Когда Анна зашла на кухню, ее удивили сразу две вещи. Первая — кухня была залита солнечными лучами. Впервые за много дней распогодилось, и сквозь воздушную тюль не просто жалобно пробивался, а заливал все золотым яркий свет. Второе — Лена стояла у плиты с туркой в руках и вопросительно смотрела на Смолину.
— Кофе? — спросила Лена. Анна удивленно кивнула и села за стол. Лена раньше никогда не варила ей кофе, а сама предпочитала растворимый. Чувствует вину за случившееся?
Вскоре кофе вспенился, но Лена даже умудрилась вовремя снять турку с огня и ничего не пролить.
— Молока?
Лена налила дымящийся кофе в кружку и пододвинула Анне вместе с пакетом молока. Больше всего Смолиной хотелось с головой нырнуть в эту кружку, пропитаться кофеином насквозь, а в идеале — остаться там и никуда сегодня не ходить. Она сделала большой глоток, но тут же выплюнула напиток. Это был не кофе.

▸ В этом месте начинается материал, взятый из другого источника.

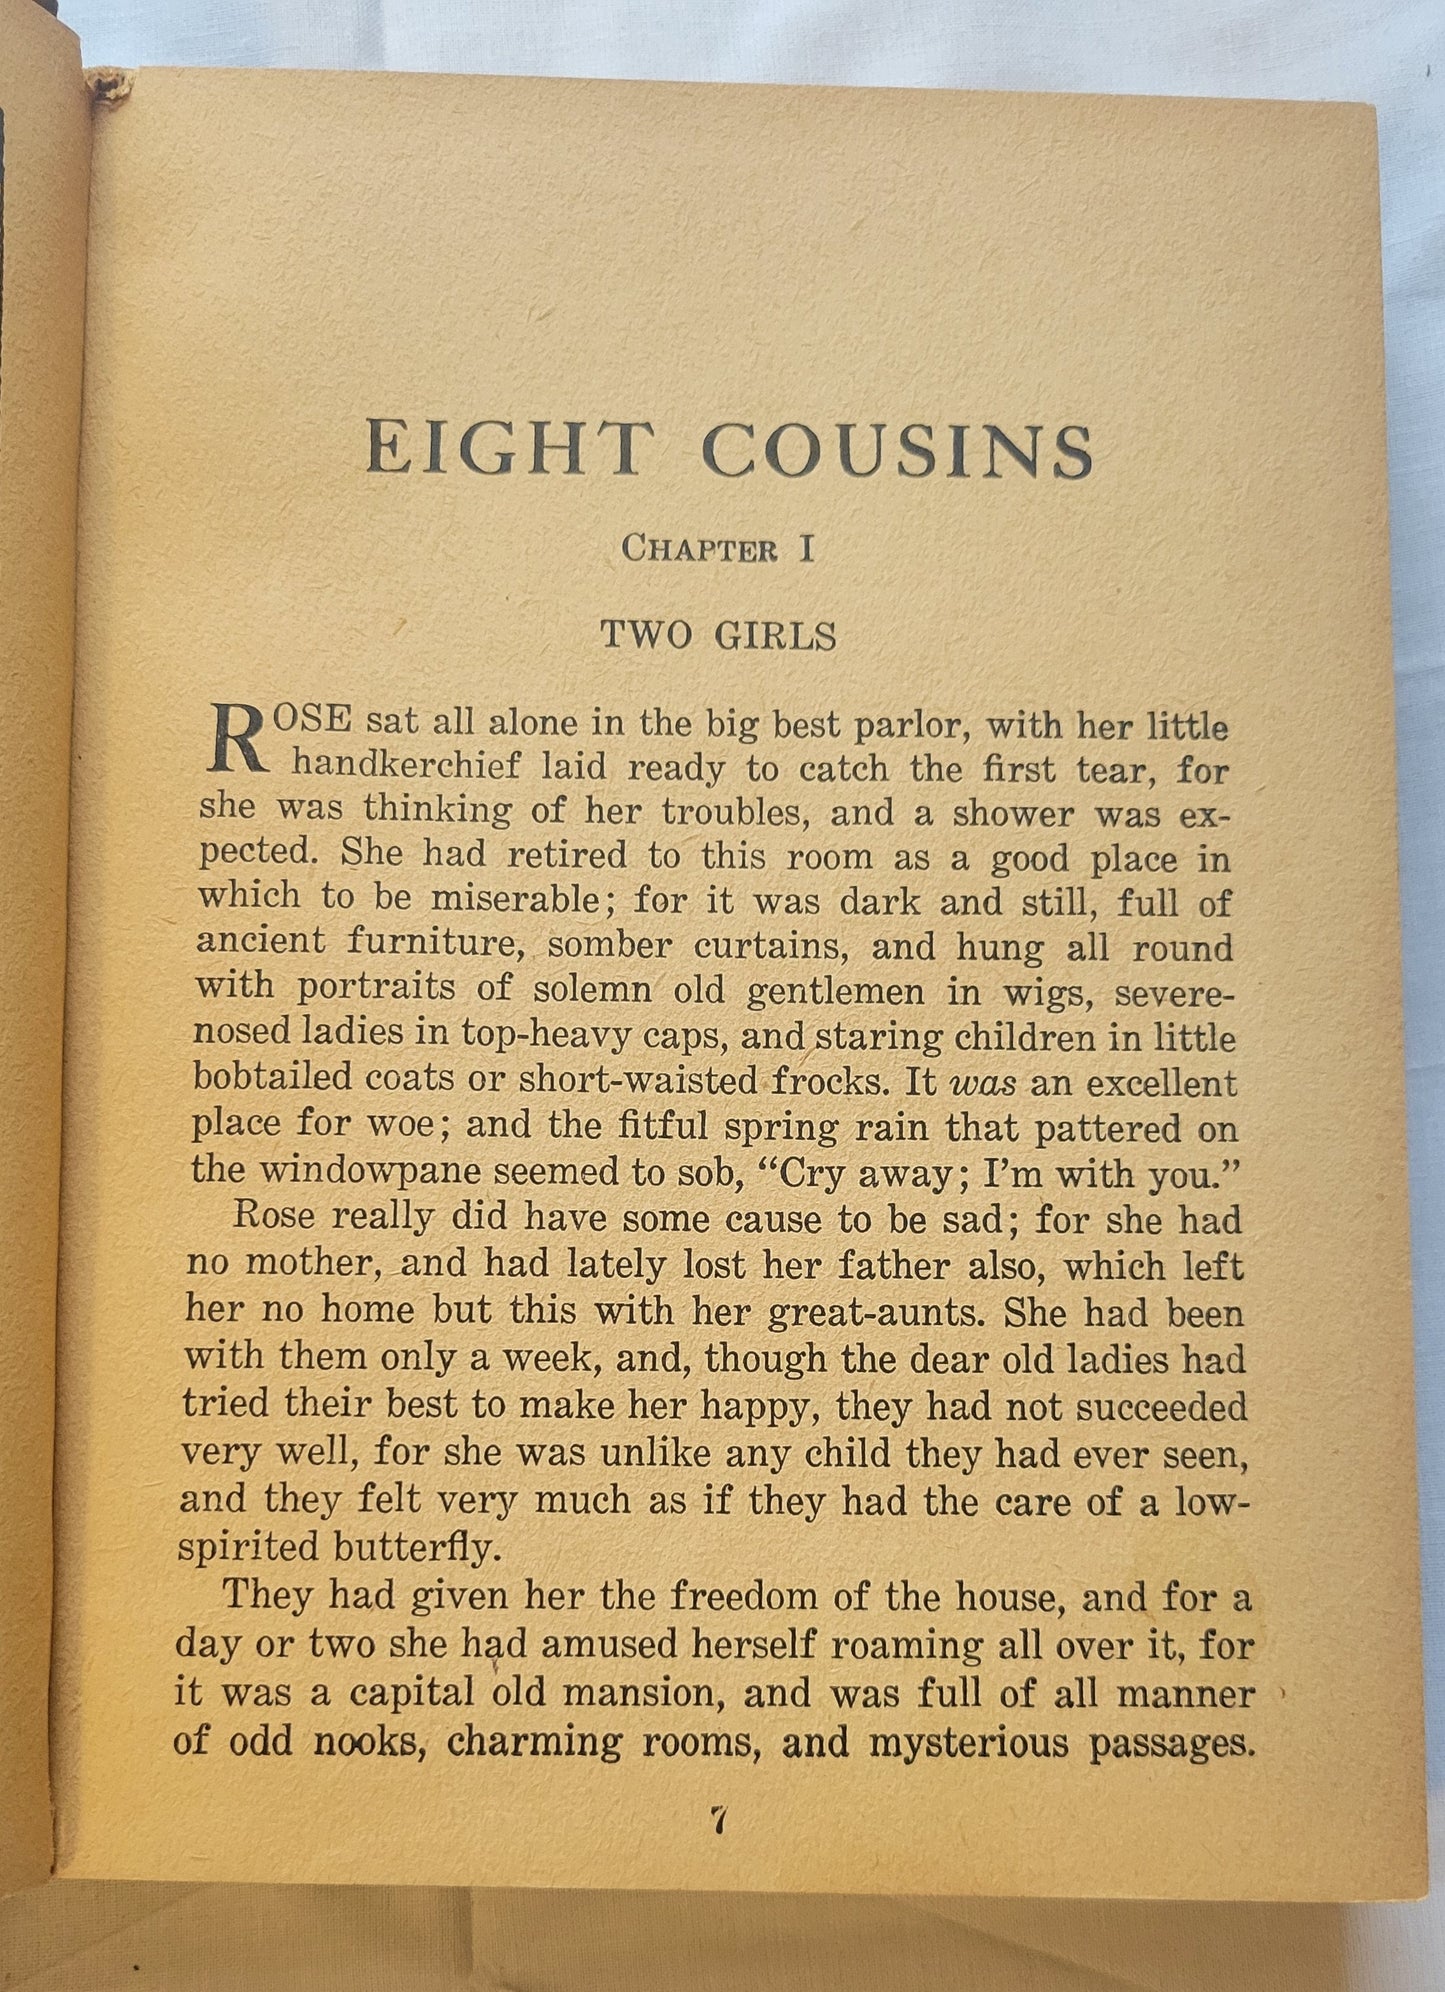 Vintage book "Eight Cousins" by Louisa May Alcott (author of Little Women), illustrated by Erwin L. Hess, and published by Whitman Publishing Company in 1940. View of page 7.

— Как ты умудрилась так испортить Арабику? — проворчала Смолина.
Лена молча стояла с туркой и смотрела на Анну. Смолина подняла на нее взгляд. Холодные, почти мертвые глаза Лены в упор смотрели на нее, словно дуло пистолета. У этого кофе был не просто омерзительный вкус — этот вкус был противоестественным. Внезапно откуда-то пахнуло прелым сеном. Смолина вспомнила последние слова Резнова про отвратительный вкус сигареты, и глаза ее расширились.
— Что ты добавила туда? — с ужасом спросила Анна, но Лена продолжала молча смотреть на нее. Колыхнулись занавески, словно кто-то открыл входную дверь, создав сквозняк. До обоняния Смолиной отчетливо донесся запах ладана. Она хотела крикнуть, но невидимые щупальца пережали горло, а в легких вдруг вспыхнул огонь. Из последних сил Анна набрала воздуха в полыхающие легкие и закричала.
Смолина проснулась от собственного крика и села на кровати. Она прижала к груди мокрые от пота ладони, пытаясь унять бухающее сердце. Анна сделала глубокий вдох, и воздух без помех наполнил легкие.
Голова была чугунная. Смолина откинула смятые простыни и одеяло, с трудом встала и сдвинула плотные шторы. За окном, как всегда, лил дождь.
«Это уже похоже на реальную жизнь,» — хмуро усмехнулась Анна.
Из кухни отчетливо тянуло свежесваренным кофе.
«Нет уж, ублюдки, вы не заставите меня бояться последнего удовольствия в жизни!»
Она прошла по коридору и на кухне увидела Лену. Та замерла с туркой в руке. Какое-то время они молча смотрели друг на друга.
— Кофе будешь? — спросила Лена.
Смолина села на табуретку, неотрывно глядя на девочку.
— Угу.
Лена налила в кружку дымящийся ароматный кофе.
— Молока?
— Только если ты умеешь делать латте.
Лена распахнула холодильник.
— Молока нет… — грустно сказала она. — Сбегать в магазин?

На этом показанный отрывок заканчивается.